Глянул на неё ласково.
– Ты прости меня… Не смог я тебя обрести… хоть и сто пар башмаков износил… – засмеялся тихохонько и руками развёл беспомощно. Катины губушки дрогнули.
– А хочешь… хочешь… – залепетала она что махонькая девочка, – назови меня женой своей? – и моргает, моргает глазёнками.
– У-у, – покачал головой, погладил Катю по румяненной щёчке с ямочкой. – Иначе сказке конец… тш-ш-ш… – и ласково: – Давай спать? Я так измучился… – и отвернулся…
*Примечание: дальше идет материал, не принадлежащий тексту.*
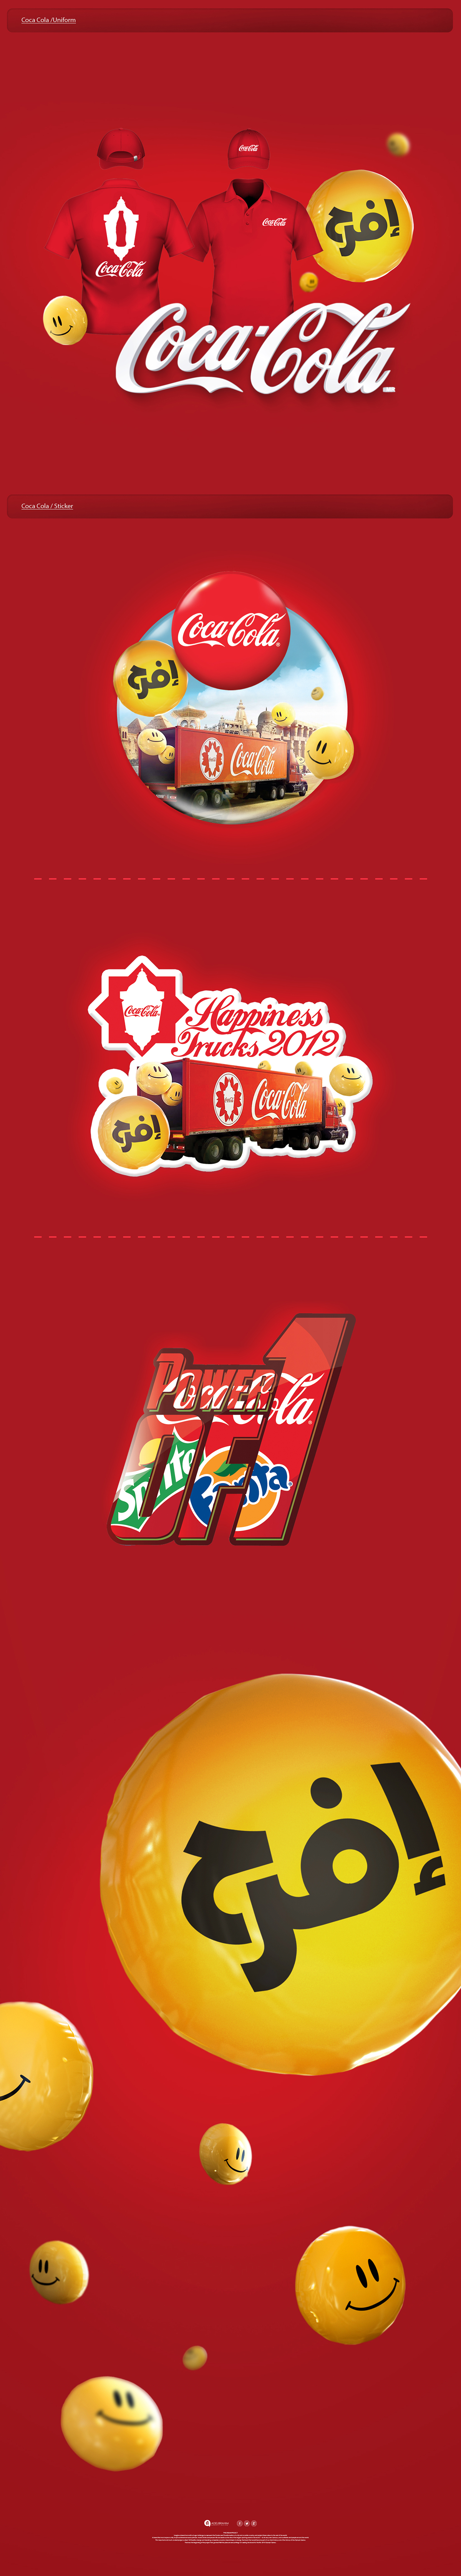 Coca Cola trucks red icons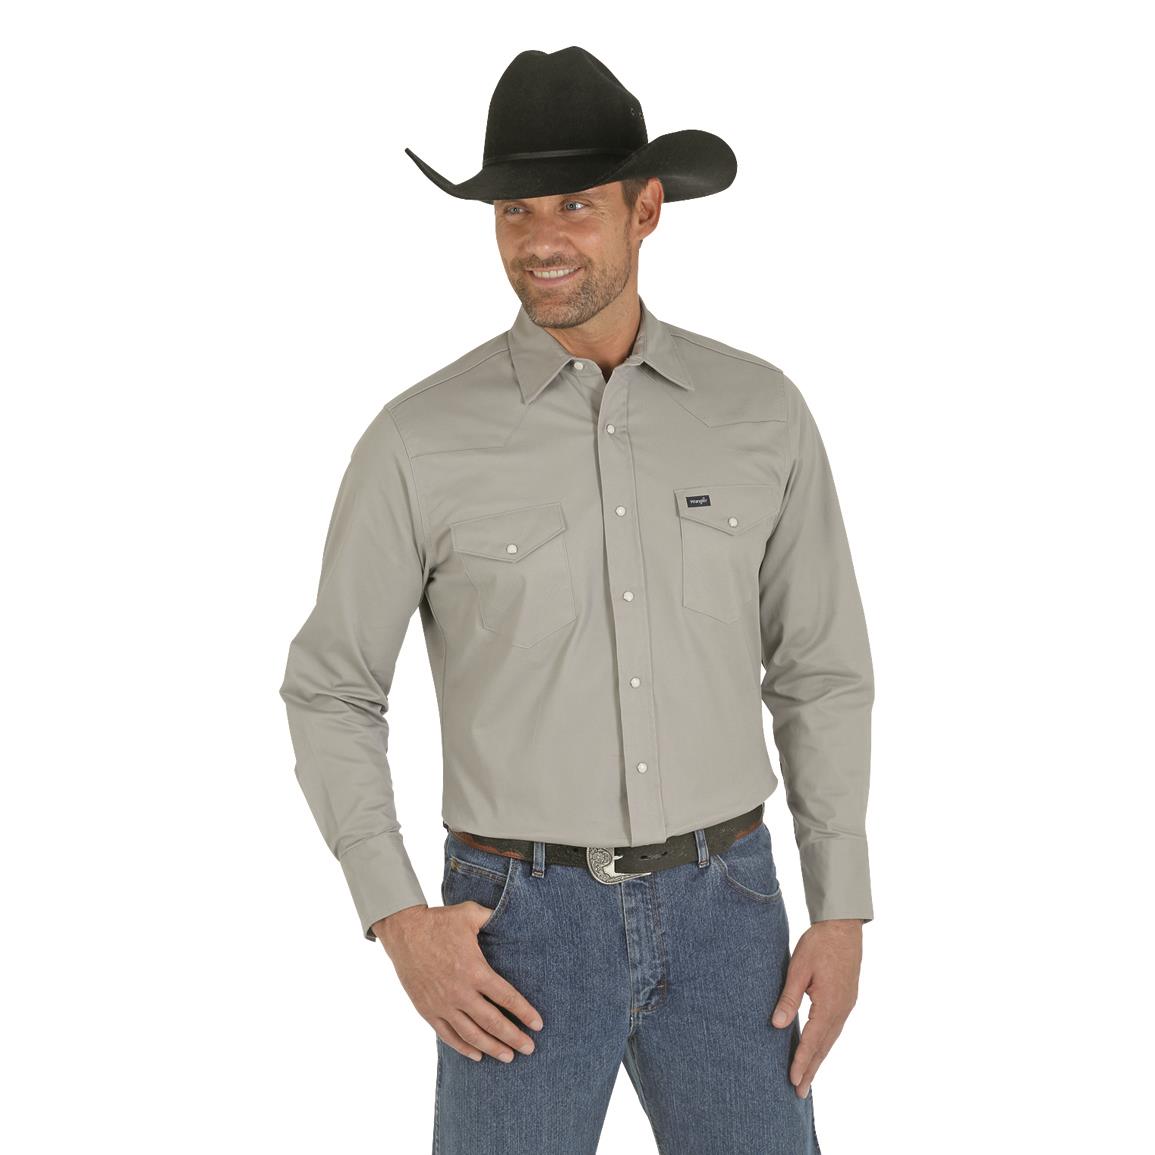 Wrangler Premium Performance Advanced Comfort Cowboy Cut Long Sleeved Shirt  - 670784, Shirts & Polos at Sportsman's Guide

Нешто он сейчас засопит?.. Рванула на себя простыню, уткнулась в подушку… Вот оно как… А ведь только что целовал-миловал… Господи, а как целовал-то, как миловал! Тело её мял-то… до сих пор горит… Преступница… да она подлая, подлая! Втянула головушку бедовенную во́ плечи… Господи, стыдно, до чего ж совестно… Но она же чаяла, она чаяла, произойдёт-случится что́… не произошло… не случилось… Она жаждала, истинный крест, жаждала… Господи, как жить теперь… Не разгадал загадку… обрести не обрёл… Сто пар башмаков… Засопел-запел соловушка… И точно ничего не было, а?.. Оглянулась: нешто спит?.. Из другой сказки… да… Она его запутала… русалка… нить красную из рученек выхватила… А после выпишет, выпишет… Ведь целовал-миловал… Тело, тело горит-пышет… Господи, ну нешто вот эта шея, руки вот эти – вот они… кожа… Господи, кожа-а-а… Грудь вот эта… Нешто всё это создано для того, чтобы никто того и не видывал… Луна подлая подглядывает скрозь полотно реденькое: хитрющий жёлтый глаз… подлая… И металась, томилась истомою наша девонька… А он и не шело́хнется… Но вот же он… совсем рядом: живой, горячий, дышит вон… Лицо блаже-е-енное! Торчащий носик, слюнка вытекла из полуоткрытого рта… Впалая грудка, стыдливо обнажённая… редкие кустики бесцветных волосков… Сухие длинные руки без единого мускула и кисти, большущие, неуклюжие, точно чужие… И ничего-то не убавишь не прибавишь… Может, вот это любовь… А как же искать, искать… Зевнула… А ведь целовал-миловал… да… а она преступница… А как же эта кожа… груди вот эти… Да чтобы эти грудушки, да мил дружок не мял?.. Их же видеть надобно… Открыть и прочесть… да… была бы честь… И после описать, описать… да спать, спать… И искать, искать… искать… кать…
– Ой, Катя ты Катя! И непутёвая ж ты непутёвая! И всё-то у тебе бочком да торчком выходит! – пригорюнились тётушки: охают, ахают, головами раскачивают!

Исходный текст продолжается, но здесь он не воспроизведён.